Anthem may both (i) pay the 2014 license fee and (ii) prepay the 2015 license fee for an aggregate of [***] if such payment is made prior to December 31, 2014. This represents a [***] discount on the aggregate license fees due in 2014 and 2015.
Anthem will pay Vendor a license fee in the amount of [***] in consideration of the provision of the American Well System during 2016. Anthem may prepay the 2016 license fee for an aggregate of [***] if such payment is made prior to December 31, 2015. This represents a [***] discount.
Anthem will pay Vendor a license fee in the amount of [***] in consideration of the provision of the American Well System during 2017. Anthem hereby agrees to prepay the 2017 license fee for an aggregate of [***] if such payment is made prior to December 31, 2016. This represents a [***] discount.

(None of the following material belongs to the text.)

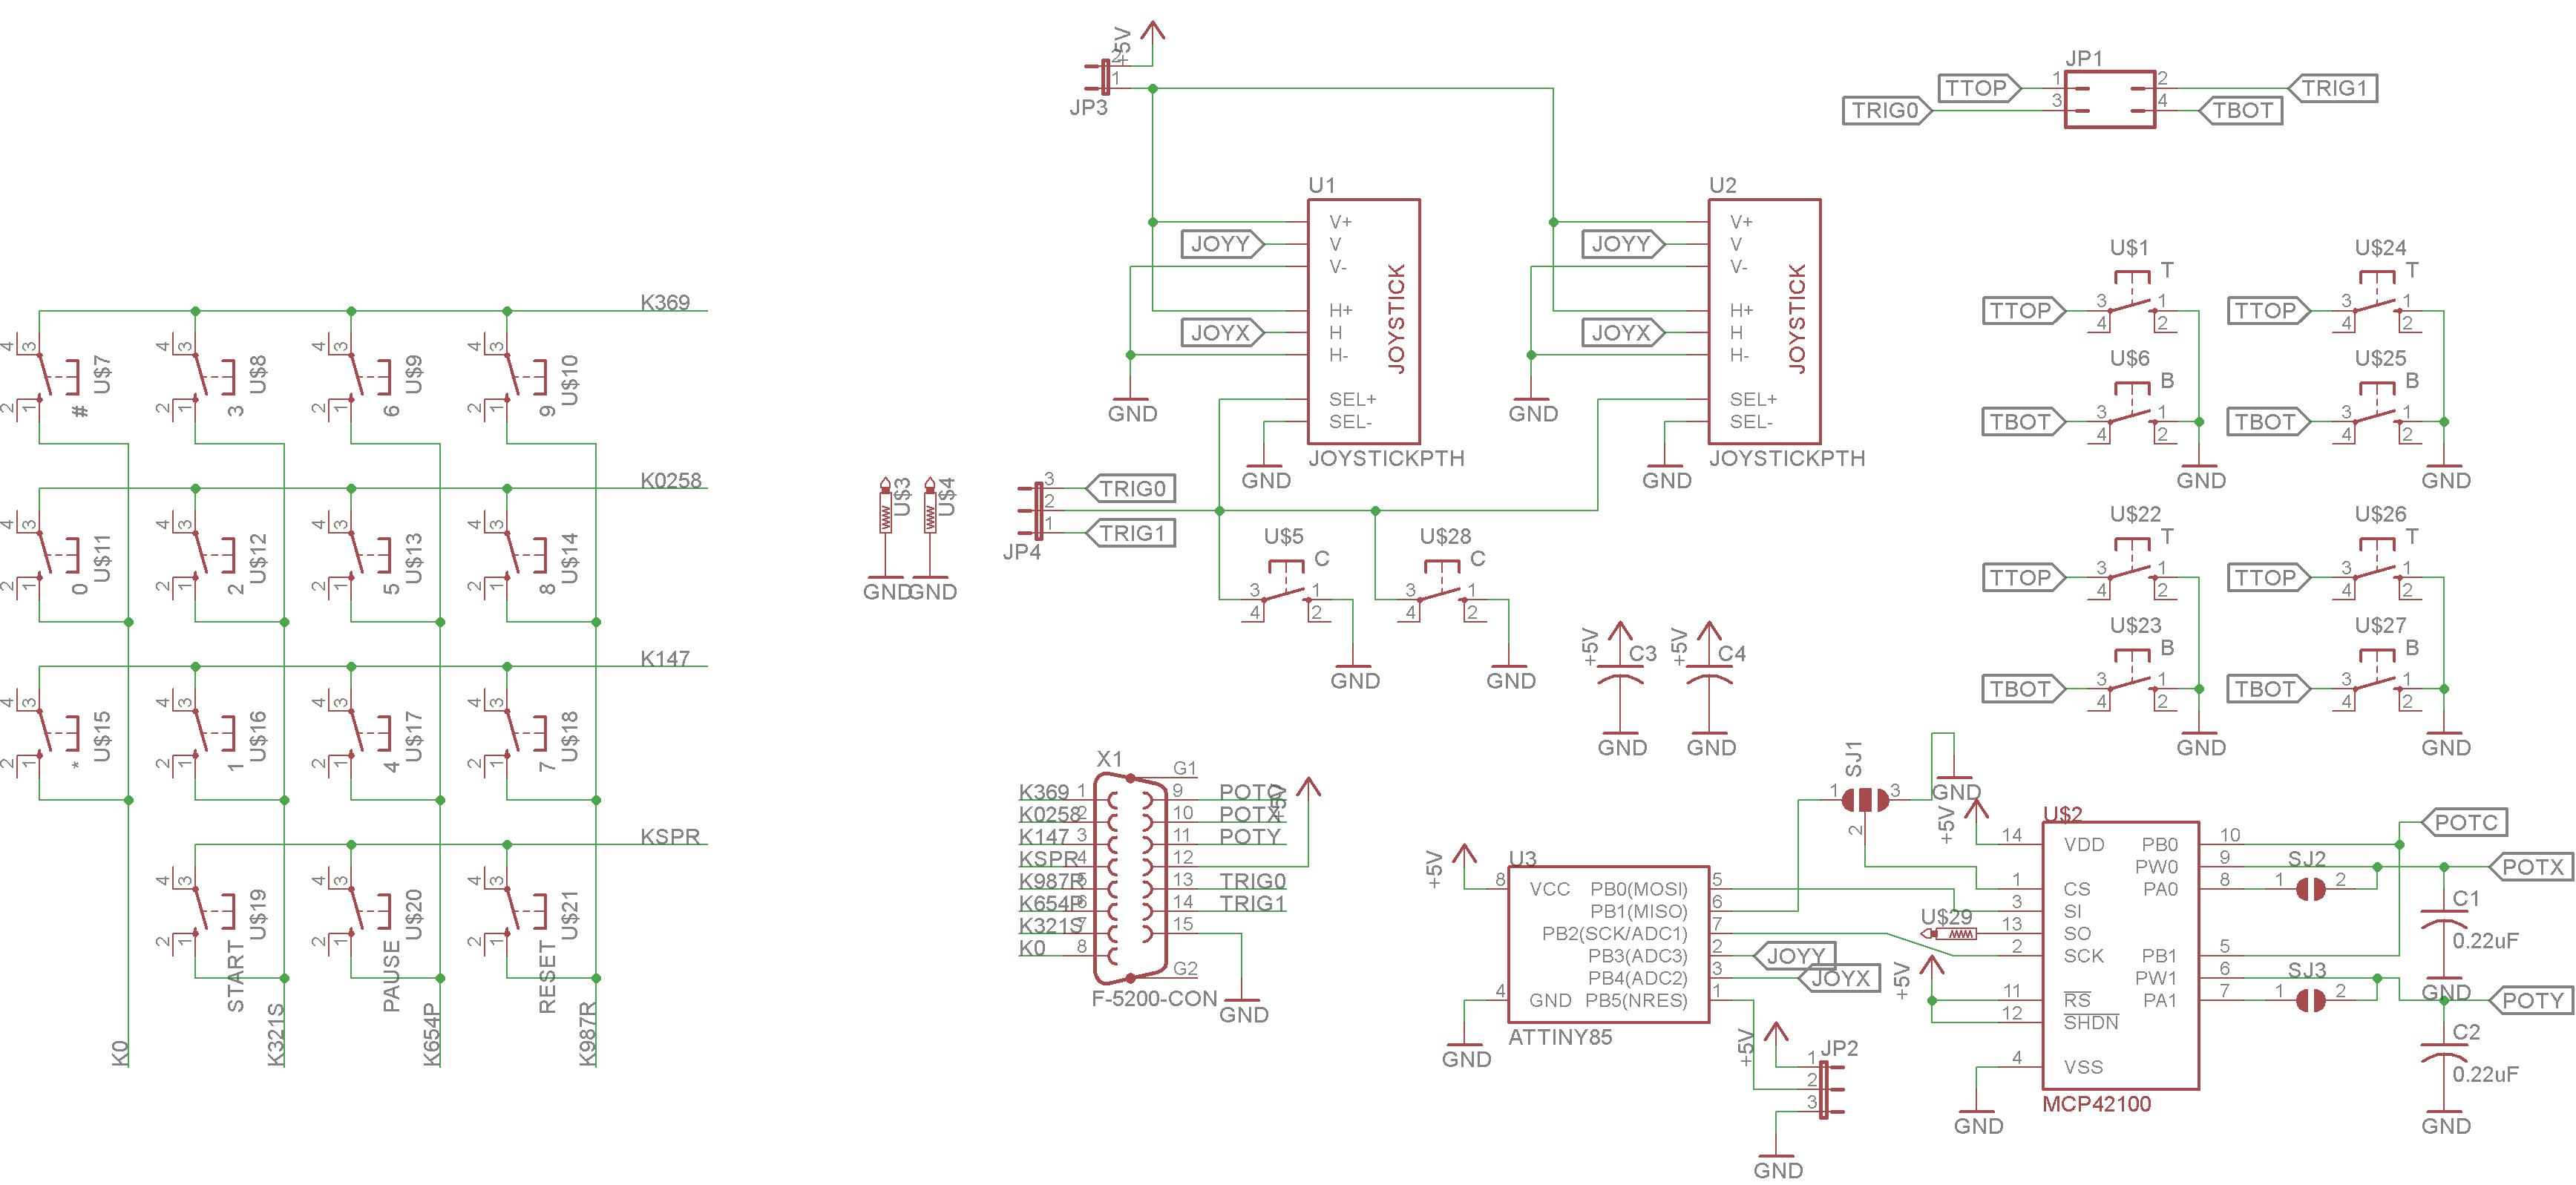 Atari 5200 Controller Wiring Diagram Modern Design Of Analog Joystick Images Gallery

Anthem hereby agrees to prepay the license fees for all of 2018, 2019, and 2020, in an aggregate lump sum payment of [***] on or before December 15, 2017. In the event of a termination of the Agreement pursuant to Section 7.3 or 7.4 prior to the end of Term, Vendor shall reimburse Anthem within thirty (30) days of the date of termination the pro-rata portion of the [***] pre-paid by Anthem, determined based on the number of days remaining in the Term as of the date of termination.